Pour Milène Tournier, les « pupilles sont un poème en images » (27). Celles-ci se piétinent, aboient, prient ou hallucinent des mots, « L’écriture : la chaussure » ne s’arrête jamais. Bien qu’elle enfante la marche, la ville « vieillit les filles qui y montent » (13) et qui s’acheminent « près des poètes qui [y] vécurent » (8). À « cause de ce qu’ell[e] y voi[t] » (13), la poète « remet son corps aux villes », mais sans « trop le mettre au monde » (65), c'est-à-dire sans s’en remettre unilatéralement au réalisme, au surréalisme (67) ou à l’ivresse, baudelairienne ou apollinarienne. La marcheuse se veut « orpailleuse » et prétend ne recueillir que « quelques paillettes », en « renon[çant] à la fois à l’altitude [et] à la gravité » (70). Ainsi, la ville s’invente, dans le jeu des points de vue, optiques, discursifs et intertextuels :
Les camions, dans les petites rues, qu’on doit faire manœuvrer à deux, depuis l’œil debout sur le trottoir, sont eux les véritables albatros. » (99)
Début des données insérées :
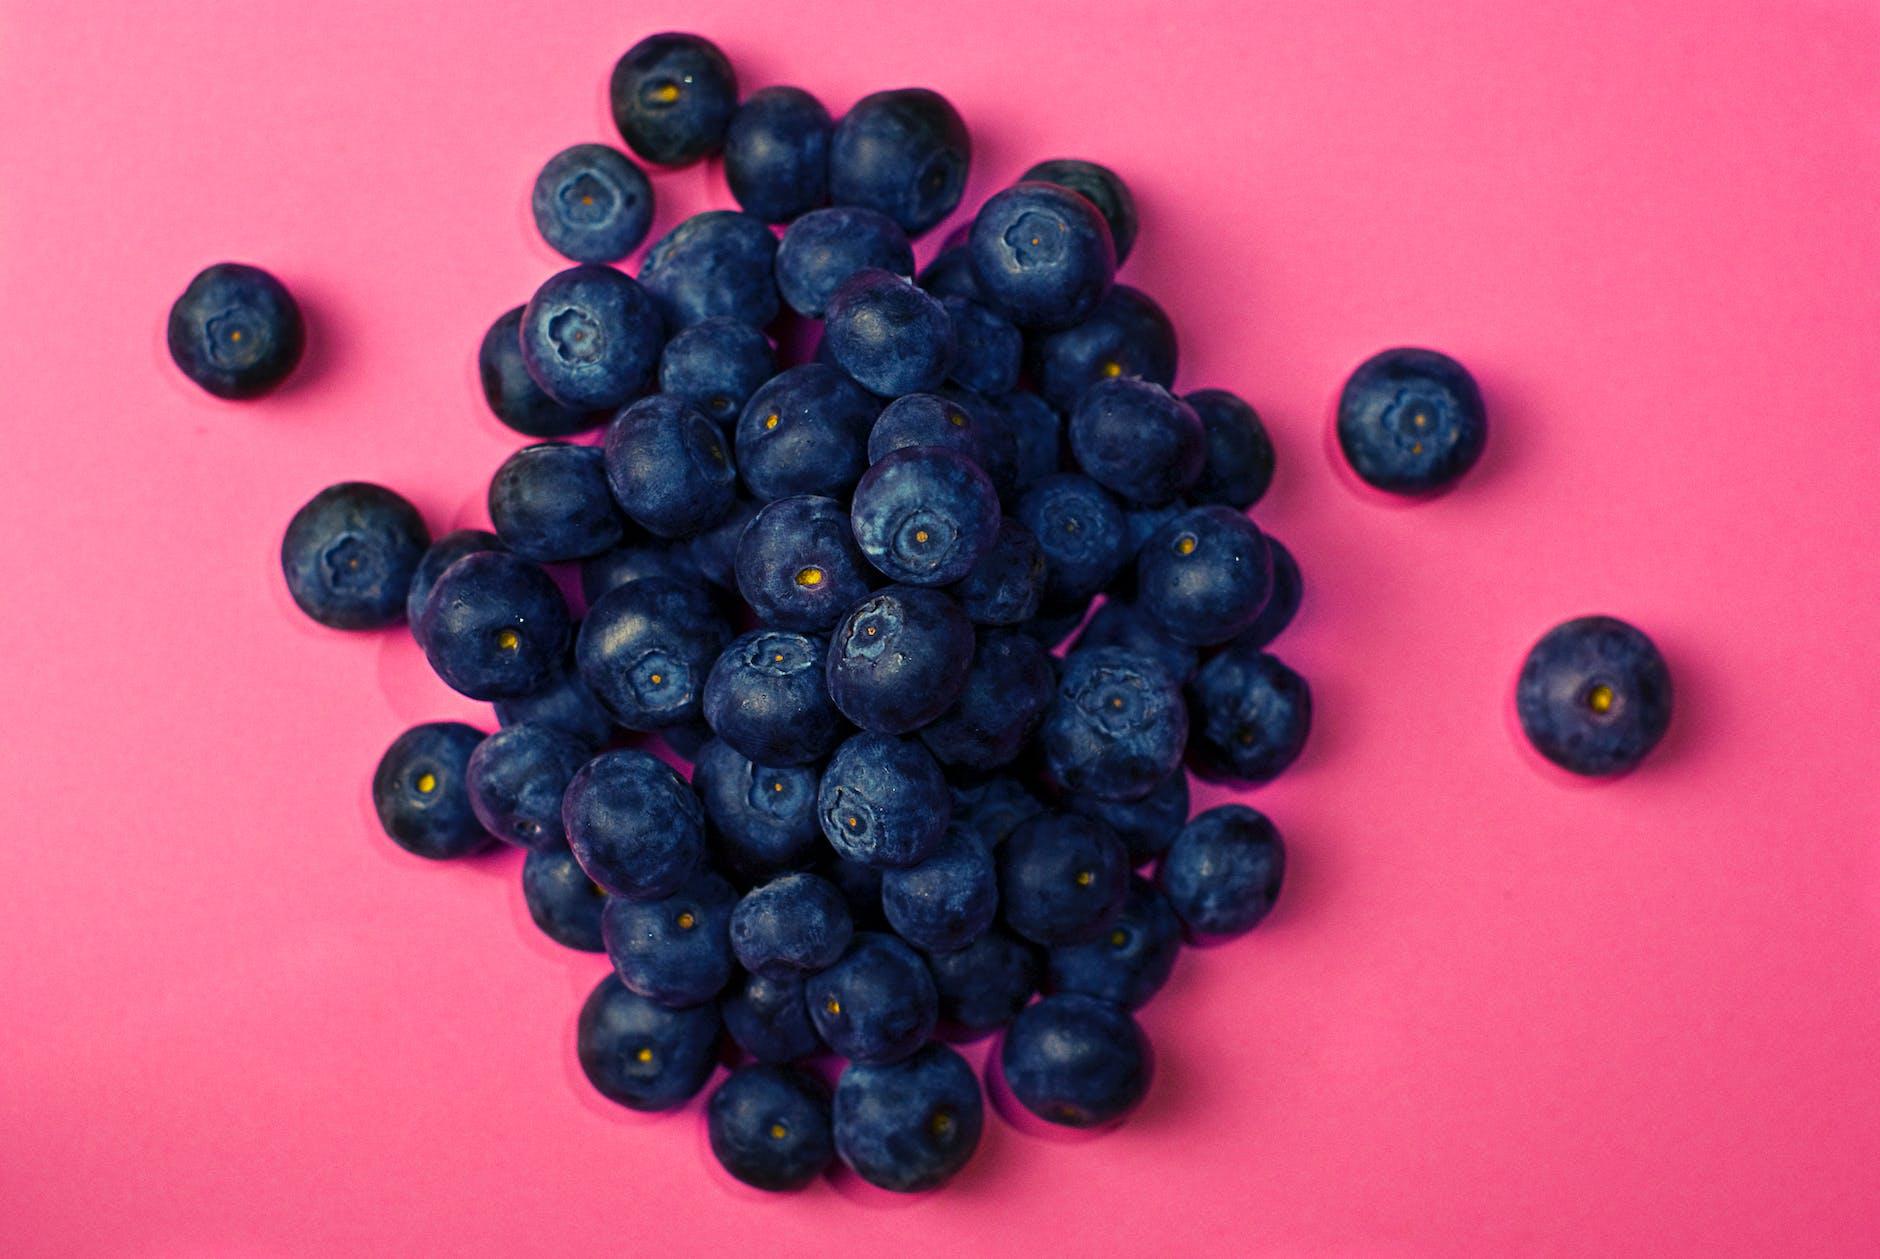 food blueberries berries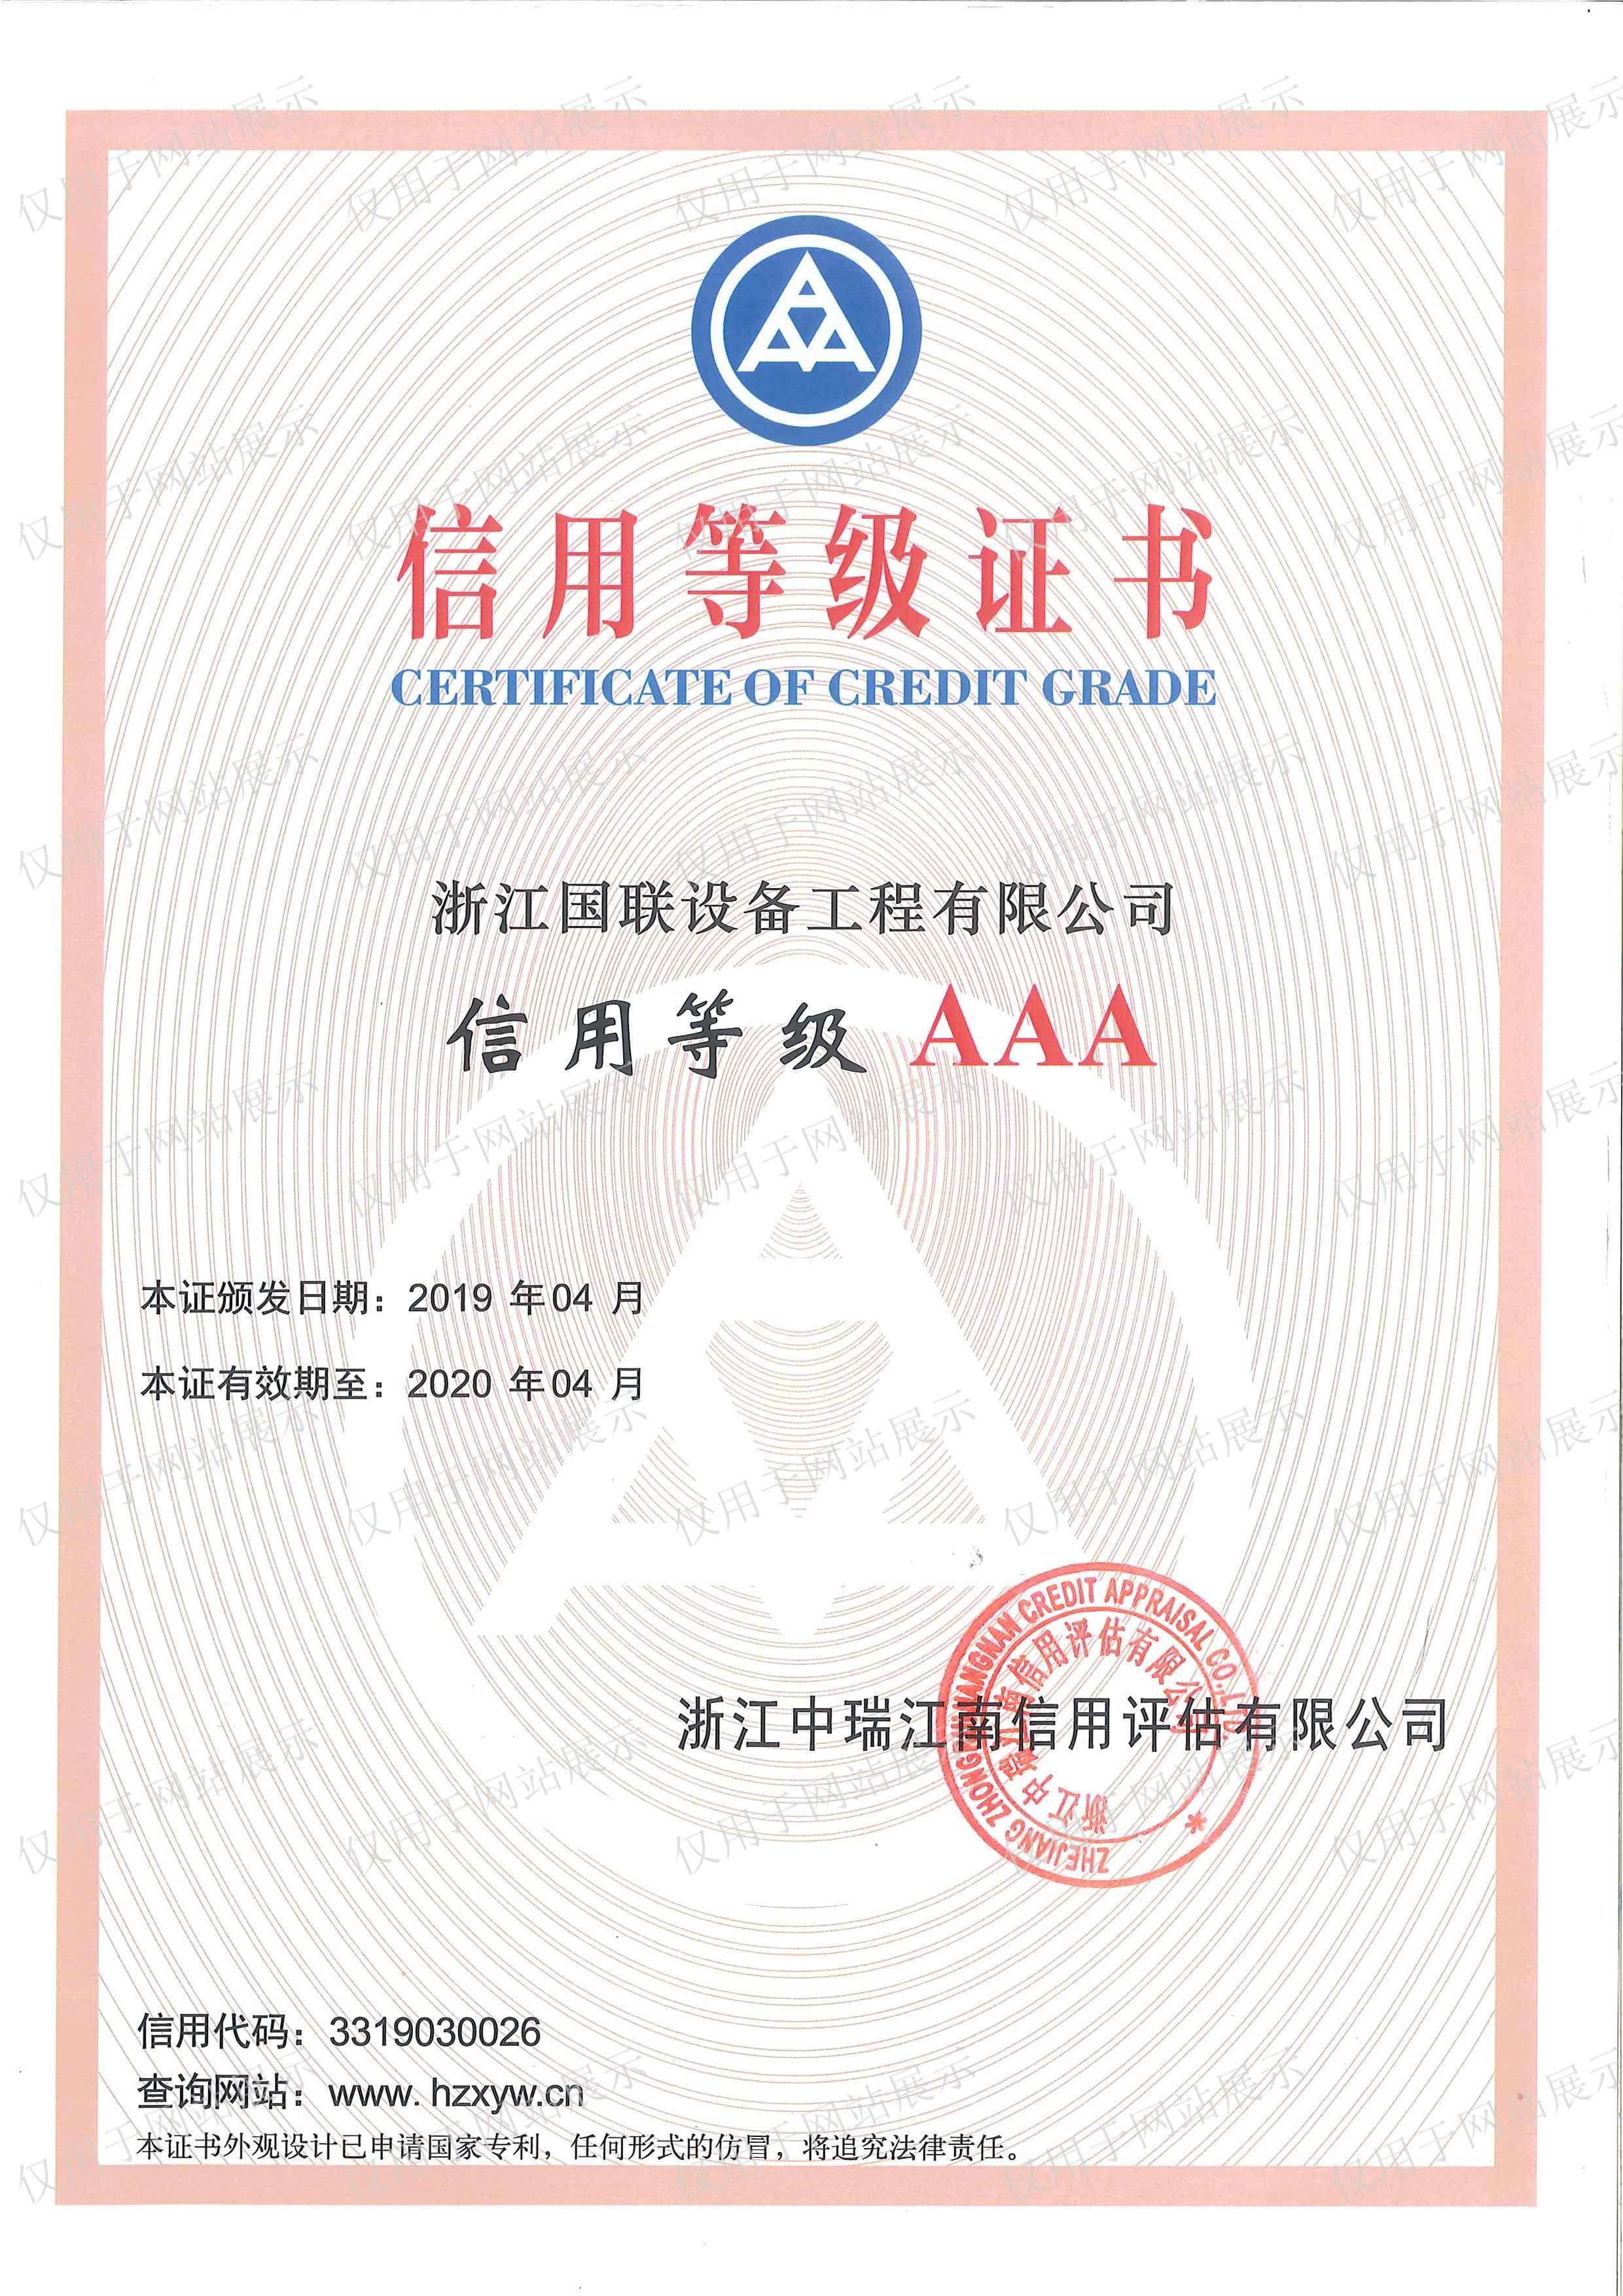 2019年信用評估機構AAA證書

L’indication de la rue Le Regrattier prend à ce titre un tournant autonymique, le « mélange entre regard et regret » fait voir et entendre quelque chose d’un art poétique. L’« œuvre de seconde main » consiste à faire « commerce des petits restes d’un grand restaurant » urbain. Toutefois, ces « œuvres de regrat, qui feront d’autres œuvres, broyées et façonnées », ne compensent pas le manque des « œuvres de regrets, celles qu’on n’aura jamais commises. » (9) L’écriture est métaphorisée comme « un instrument qui enroule le monde » (119), et juxtapose des séquences qui sont autant de réflexions sur l’origine, sur le point de vue créateur. C'est ainsi qu’au long d’une rue, le cinéma s’étire « après le film ». Une dame s’avance dans le temps « comme [dans] un dessin animé », puis laisse place au « livreur désœuvré » qui « se fait un cinéma » sur son portable, avant que les policiers, tout droit surgis d’un western, ne passent à leur tour, avec « le pistolet [...] que leur cuisse serre ». Enfin, la mise en abyme prend le pas, embrassant, rembobinant tout : « Le ciel était entre trois immeubles comme une caméra sur un pied. » (17) En somme, marcher-écrire opère par visions, en une incessante renégociation du poétique compris comme espace textuel de collocation au sein duquel les scènes et discours s’arrangeraient les uns par rapport aux autres, en se jouant de leur hétérogénéité, et pour révéler leurs potentialités imageantes, imaginantes, créatives.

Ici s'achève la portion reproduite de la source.